▶ _Aim of the task_
Each line from the one containing "Worldwide app downloads" through the last line of the data below should be printed exactly, please, with any pictures omitted.

### Supplied data ###

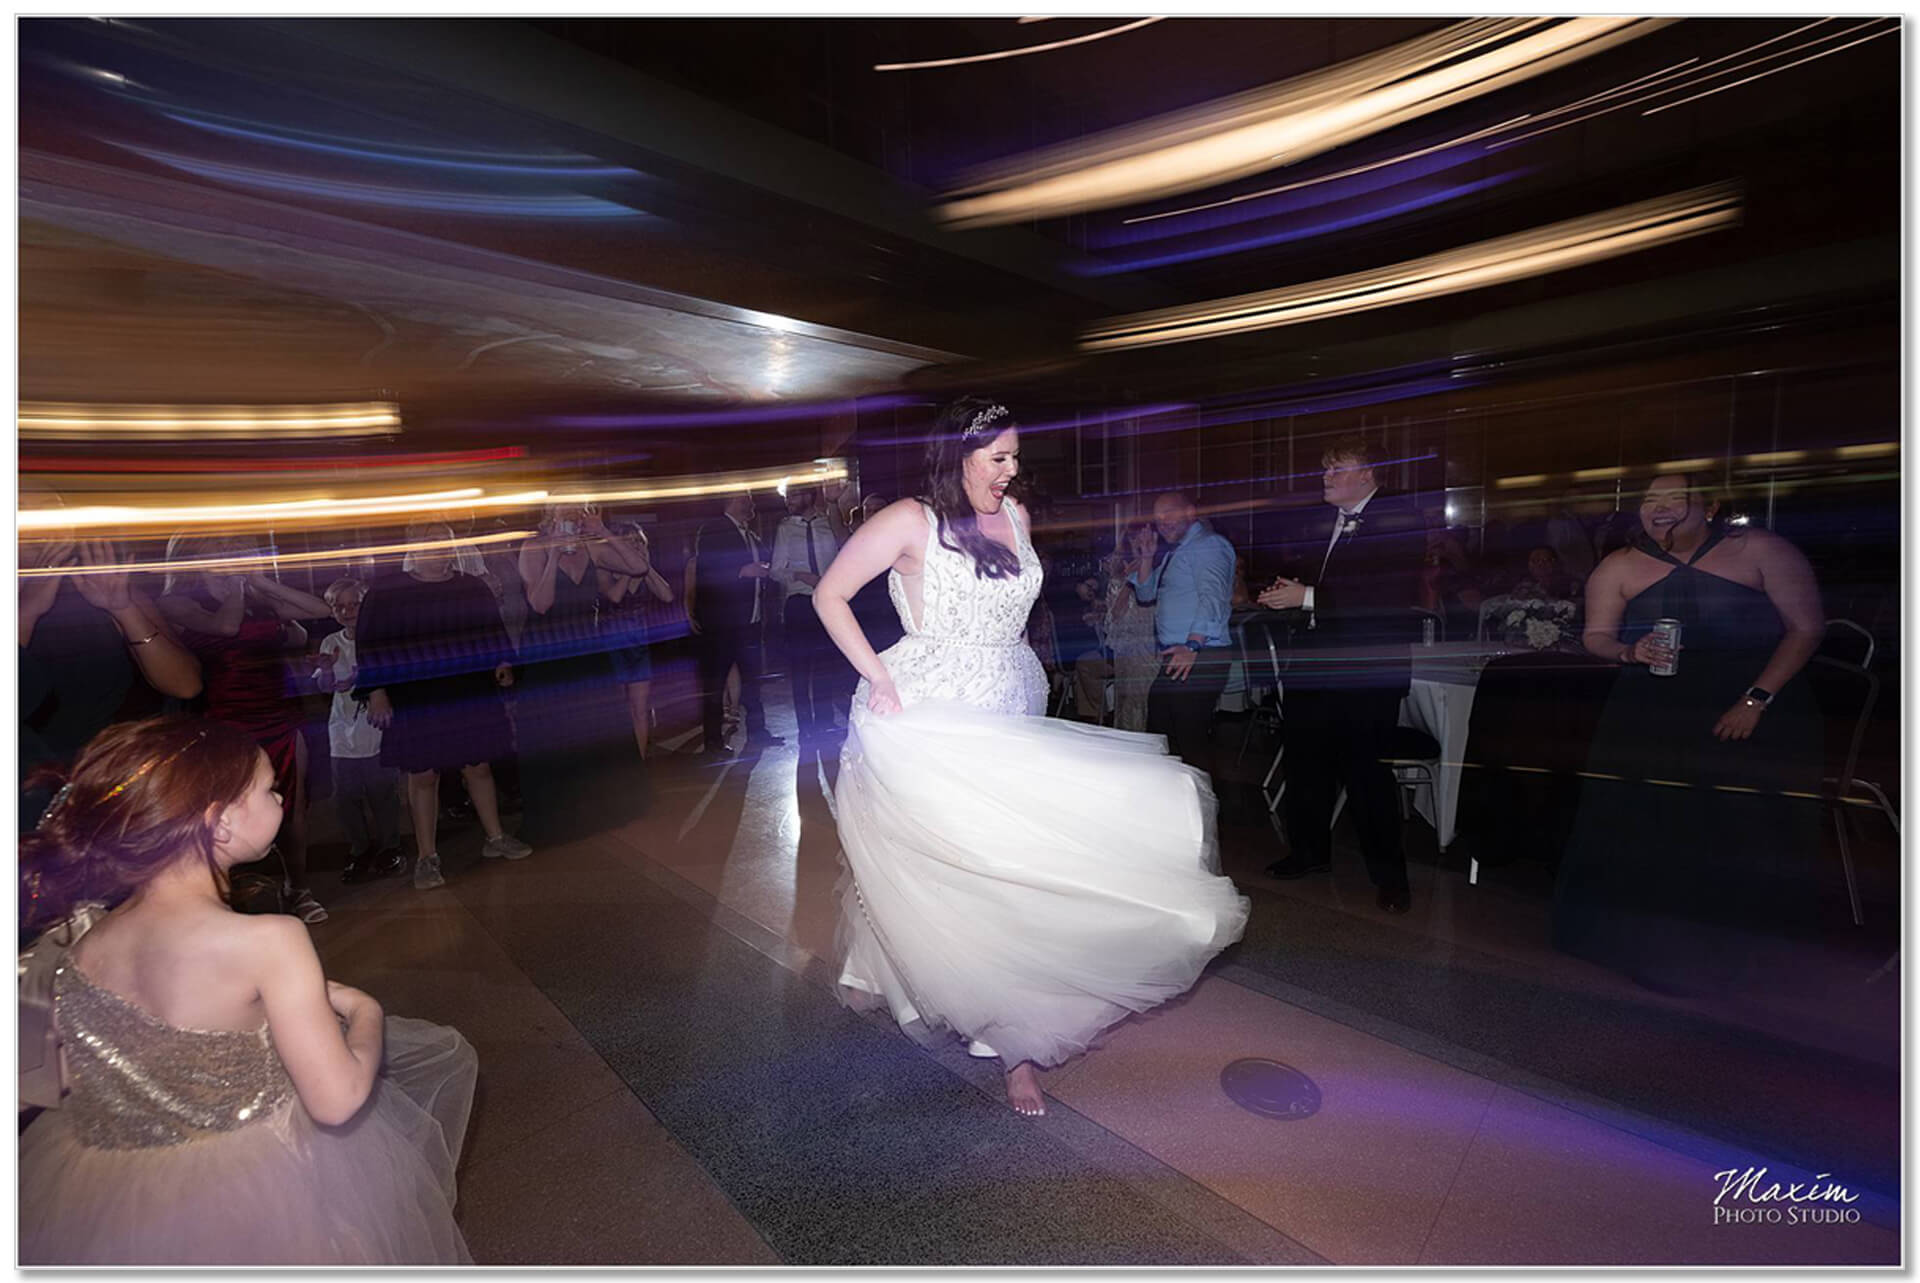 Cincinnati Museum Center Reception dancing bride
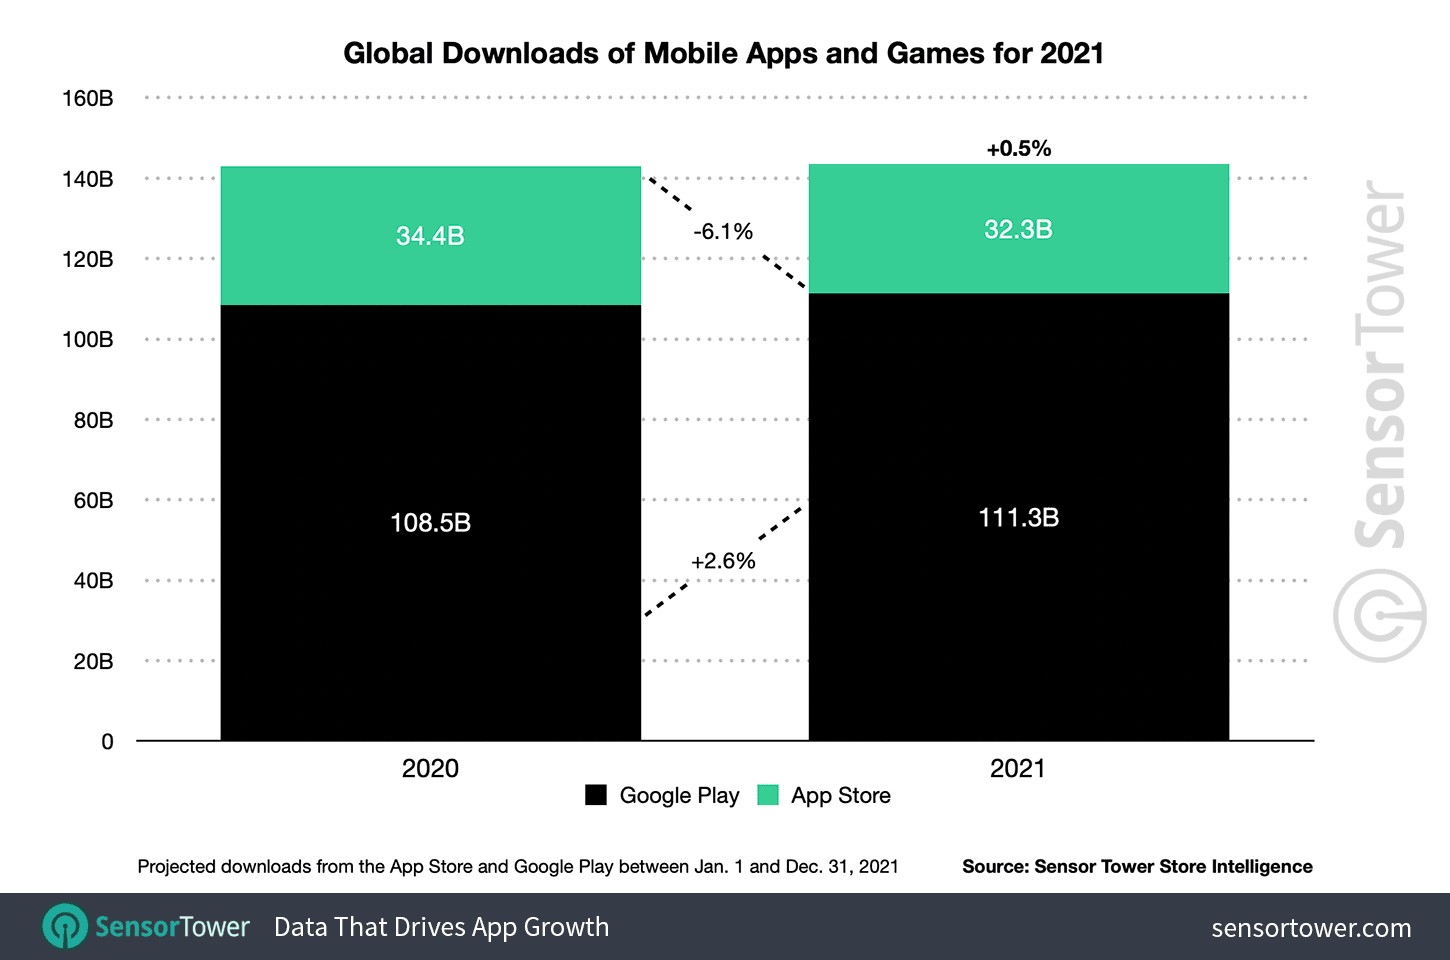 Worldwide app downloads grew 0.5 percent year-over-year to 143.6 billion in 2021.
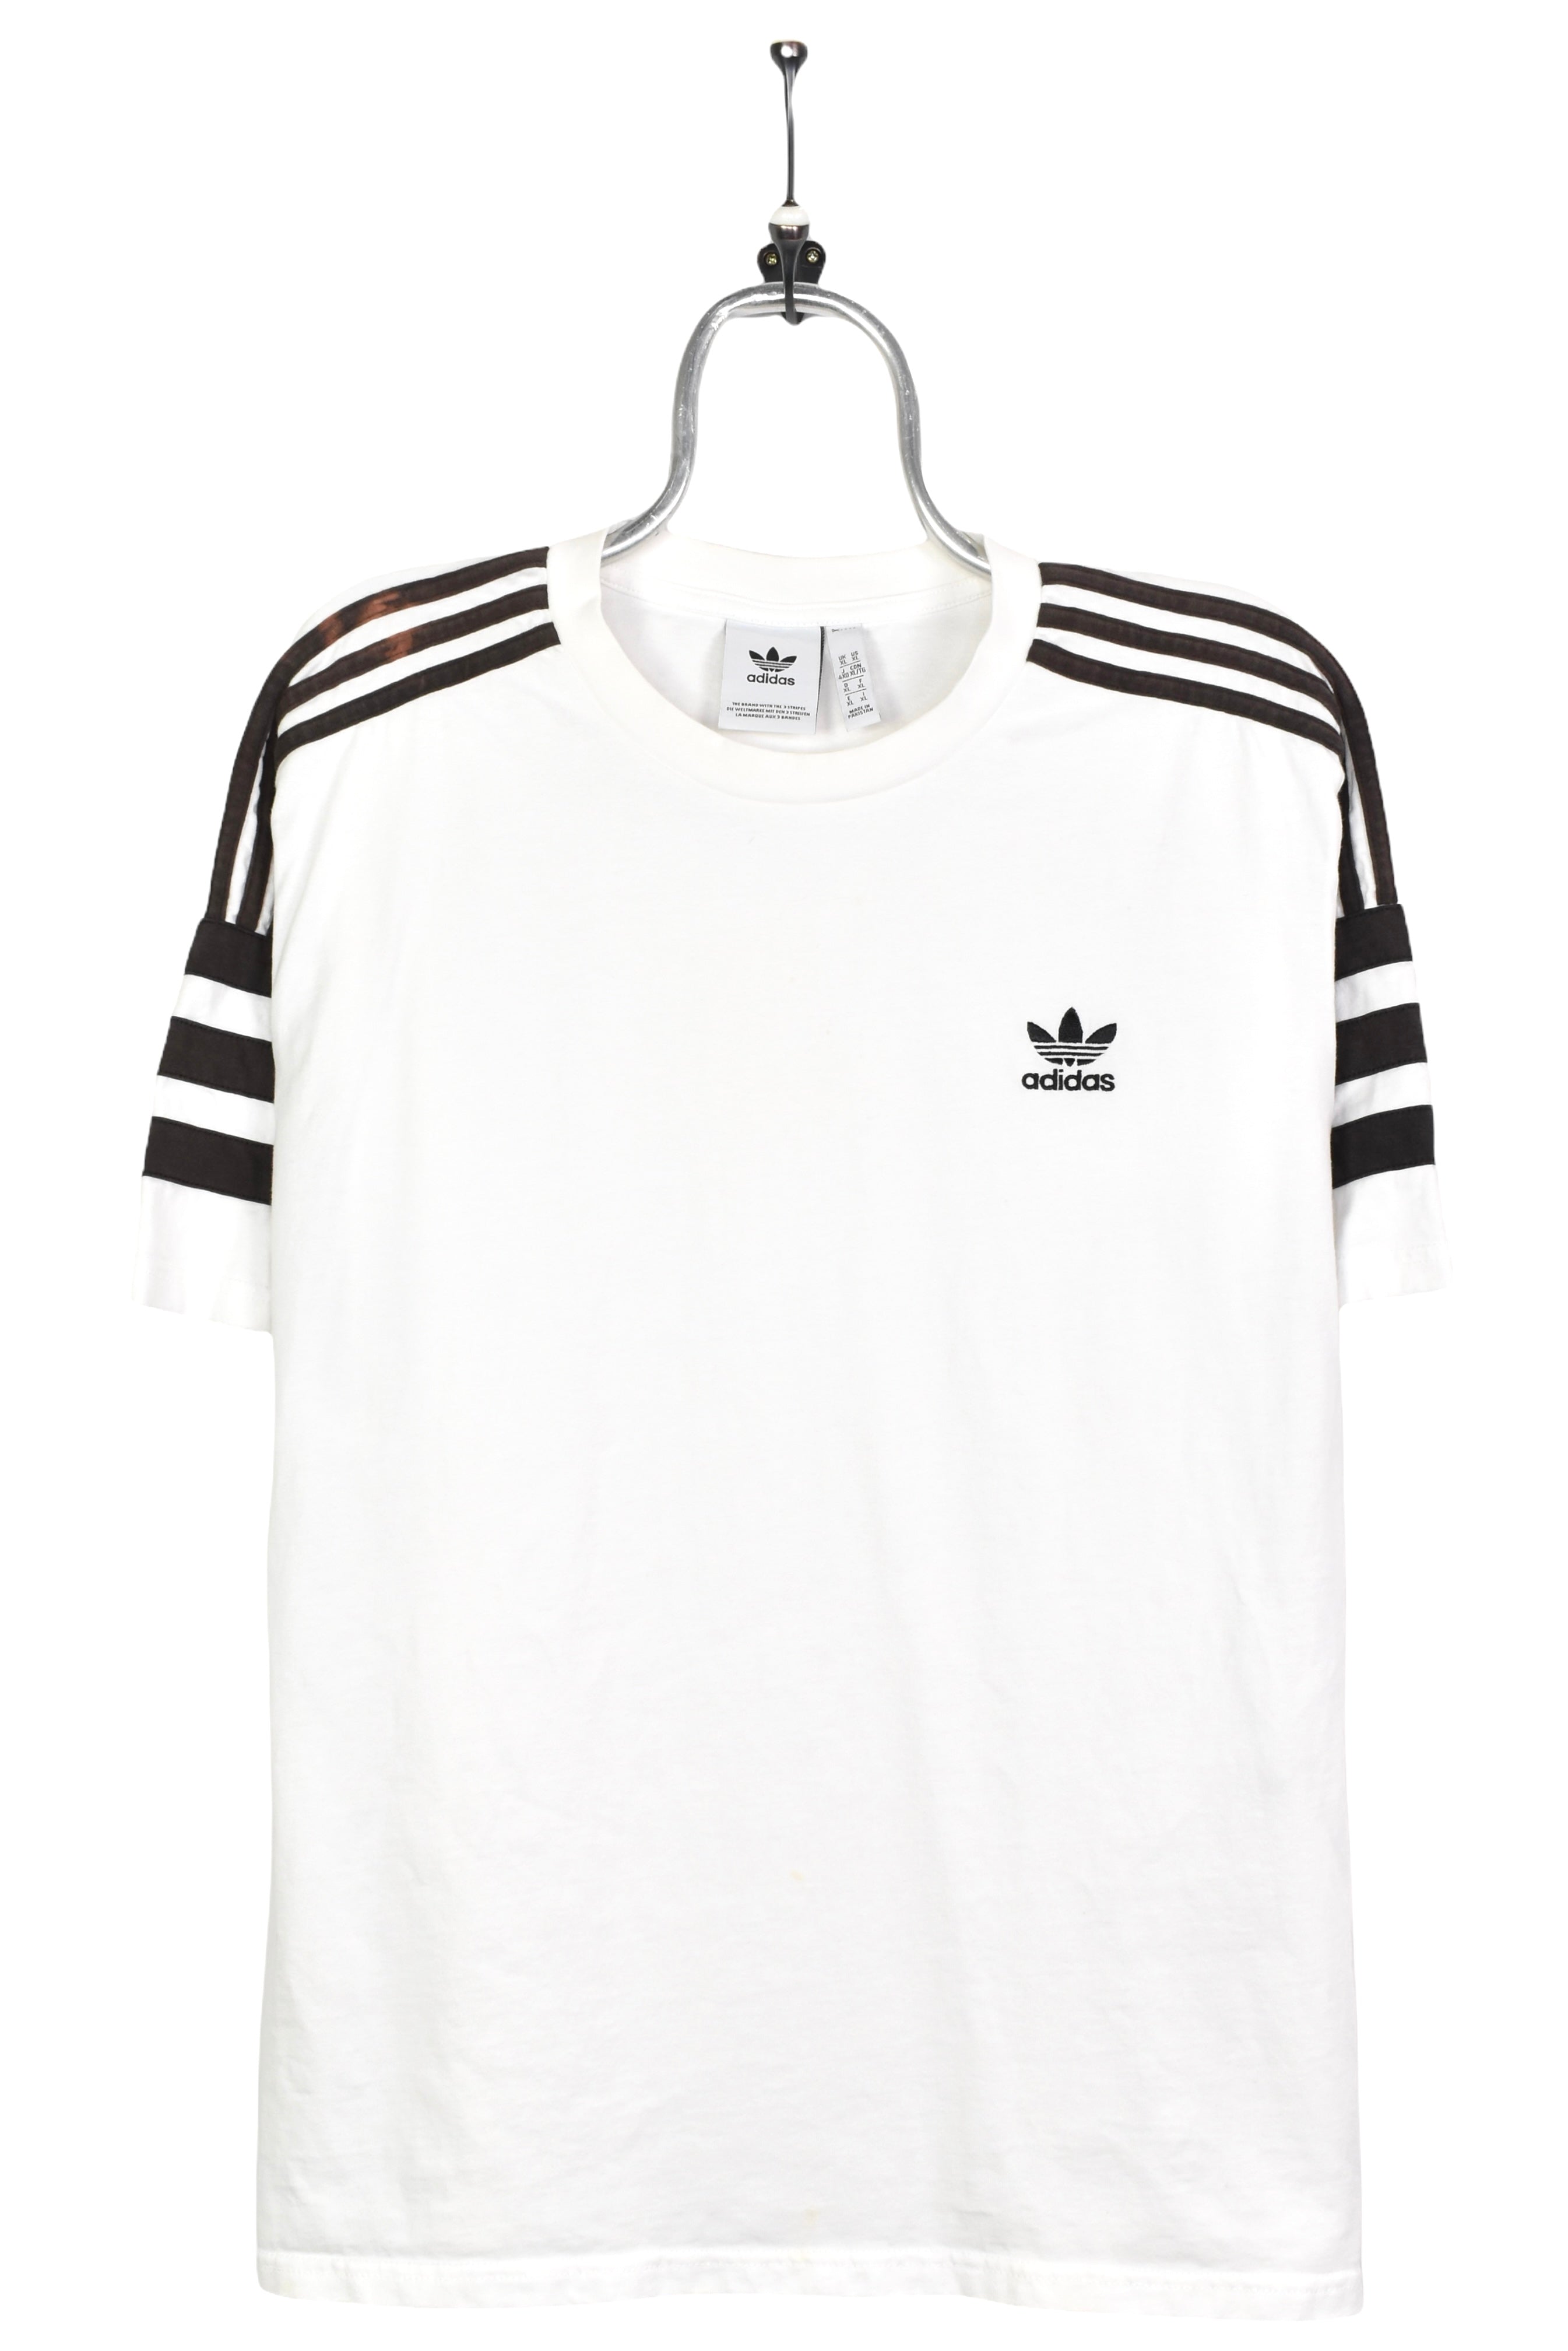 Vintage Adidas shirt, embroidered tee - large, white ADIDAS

###

▶ _The completed task_
 Worldwide app downloads grew 0.5 percent year-over-year to 143.6 billion in 2021.
 Vintage Adidas shirt, embroidered tee - large, white ADIDAS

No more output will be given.